## COLLECTED DATA:
----

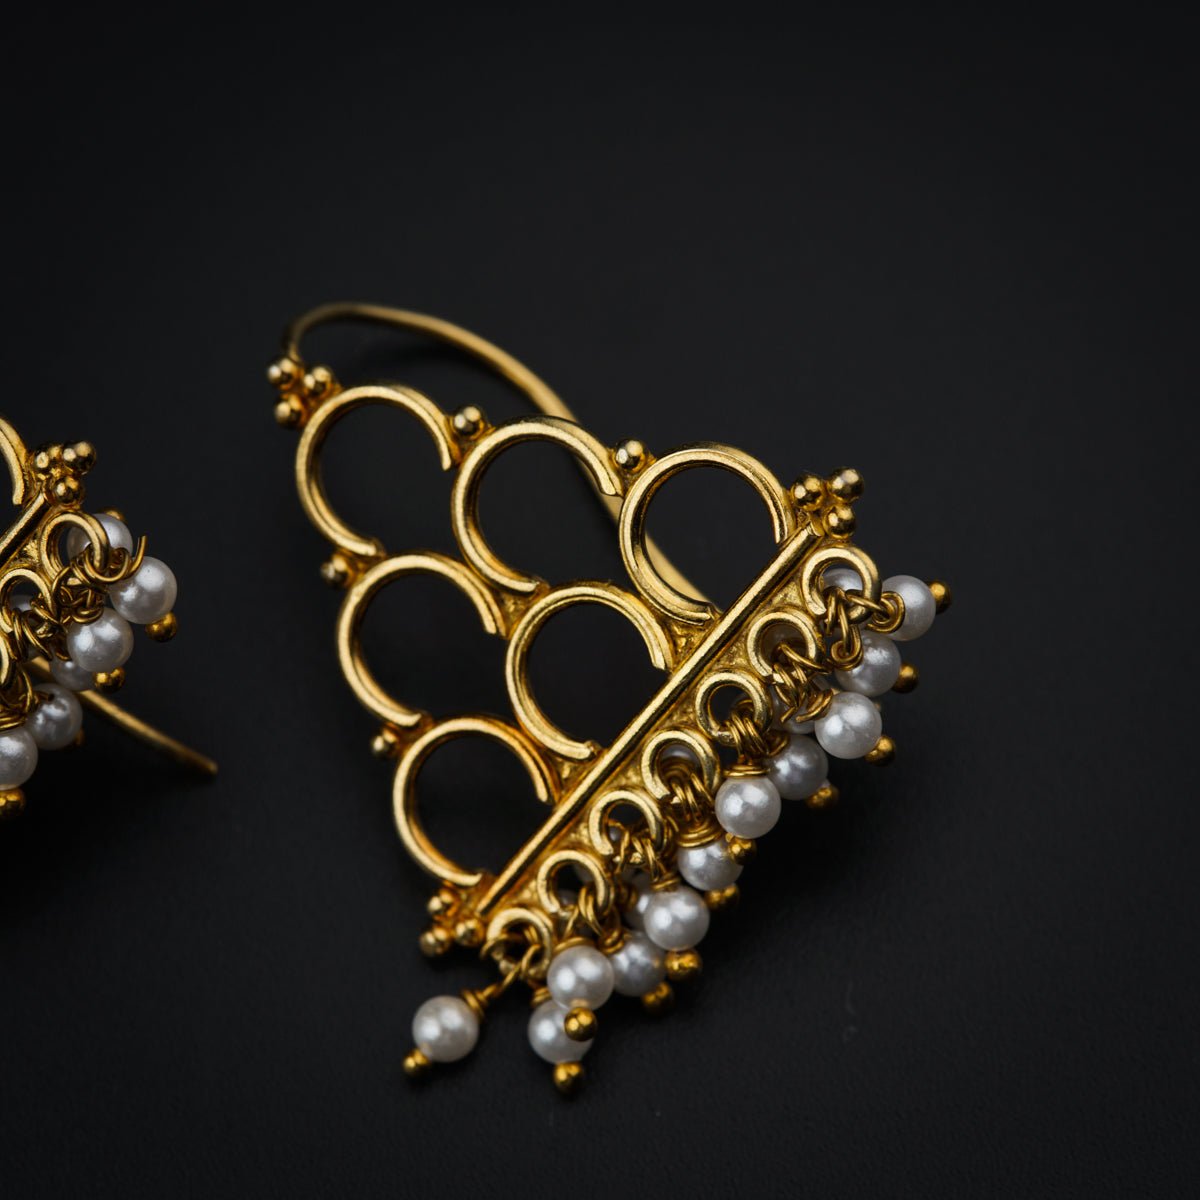 a pair of gold and pearl earrings on a black surface
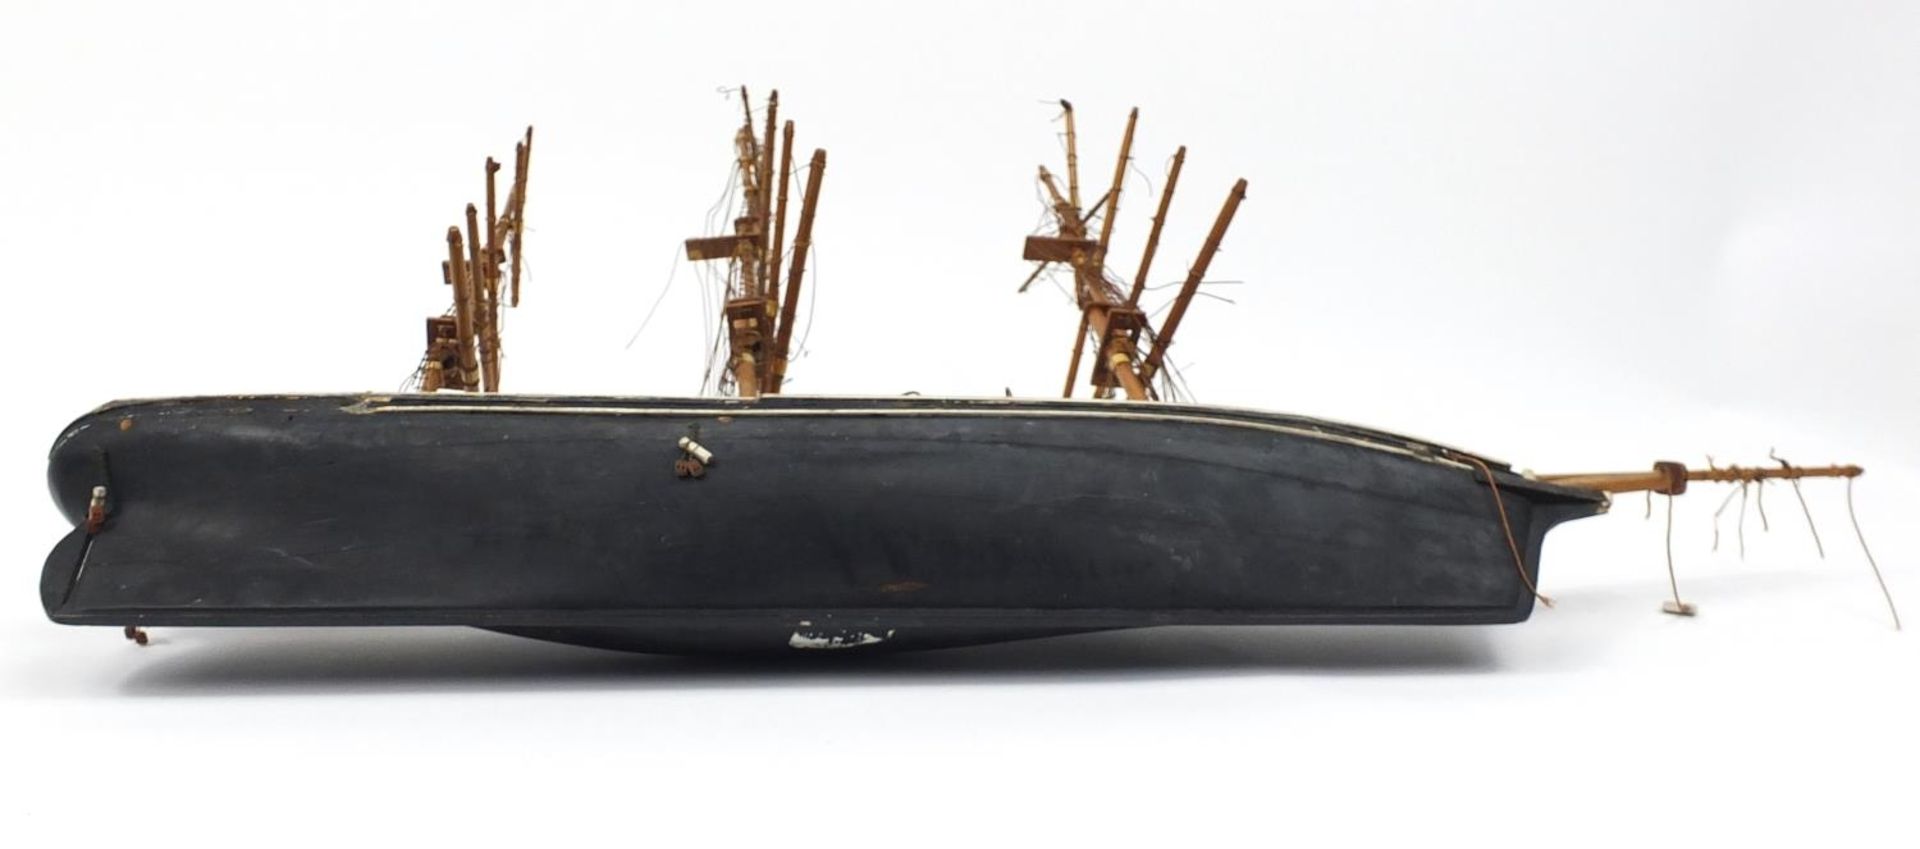 Hand painted wooden model of a rigged sailing ship, 73cm in length - Image 3 of 3
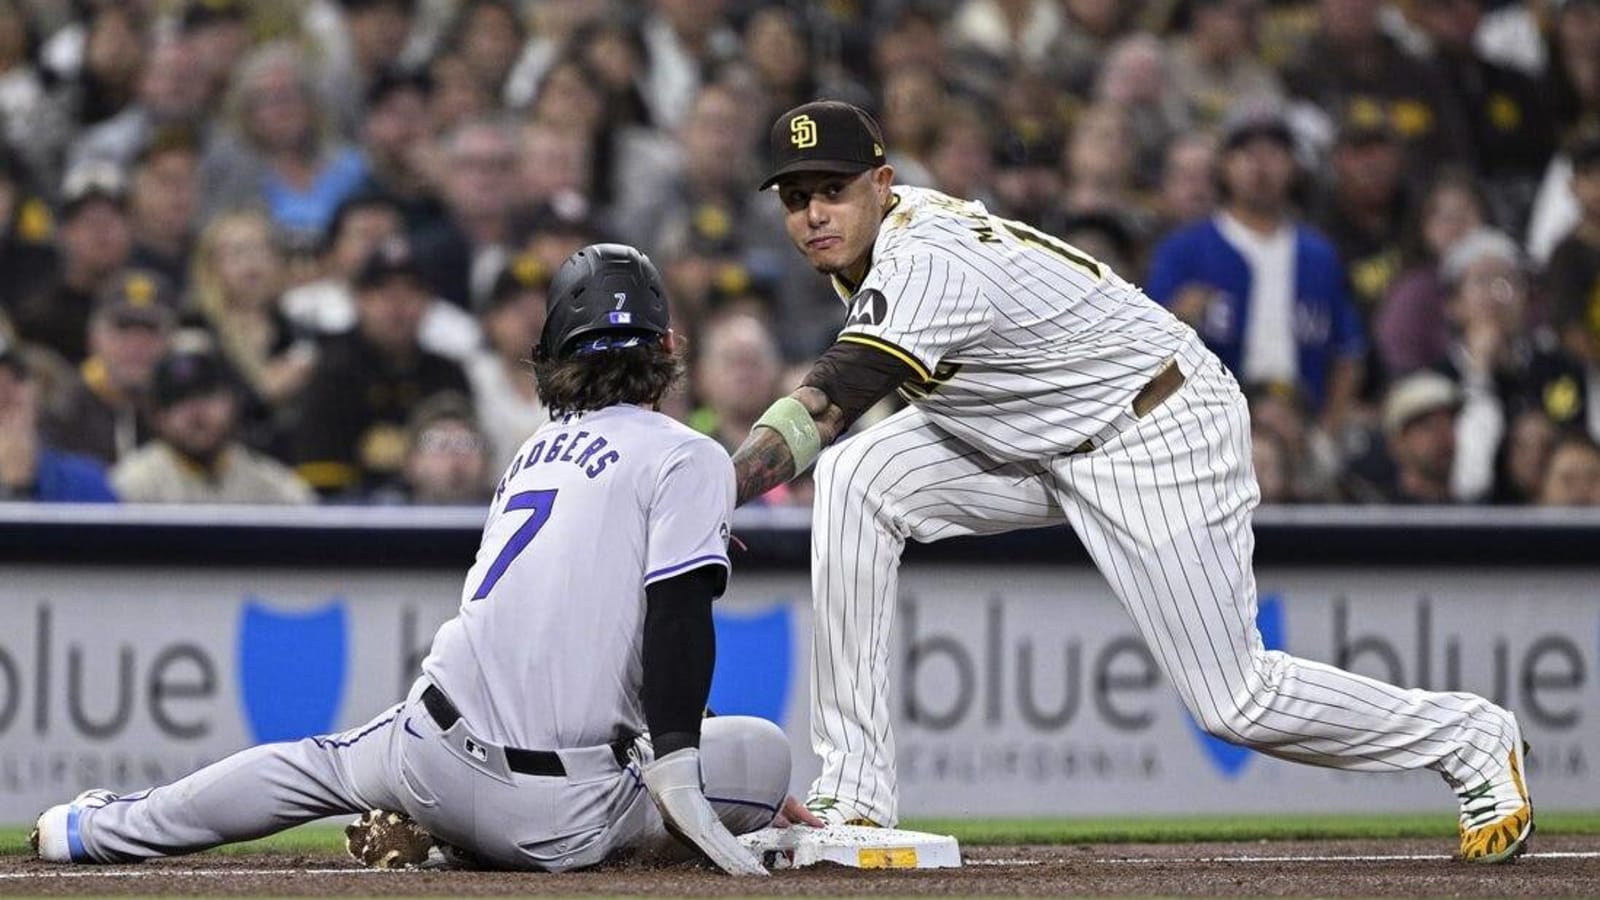 Newly aggressive Rockies pursue sweep of Padres

----

## PROBLEM DESCRIPTION:
Your task is to output the material word for word while leaving out every image.

## ANSWER:
 a pair of gold and pearl earrings on a black surface
 Hand painted wooden model of a rigged sailing ship, 73cm in length - Image 3 of 3
 Newly aggressive Rockies pursue sweep of Padres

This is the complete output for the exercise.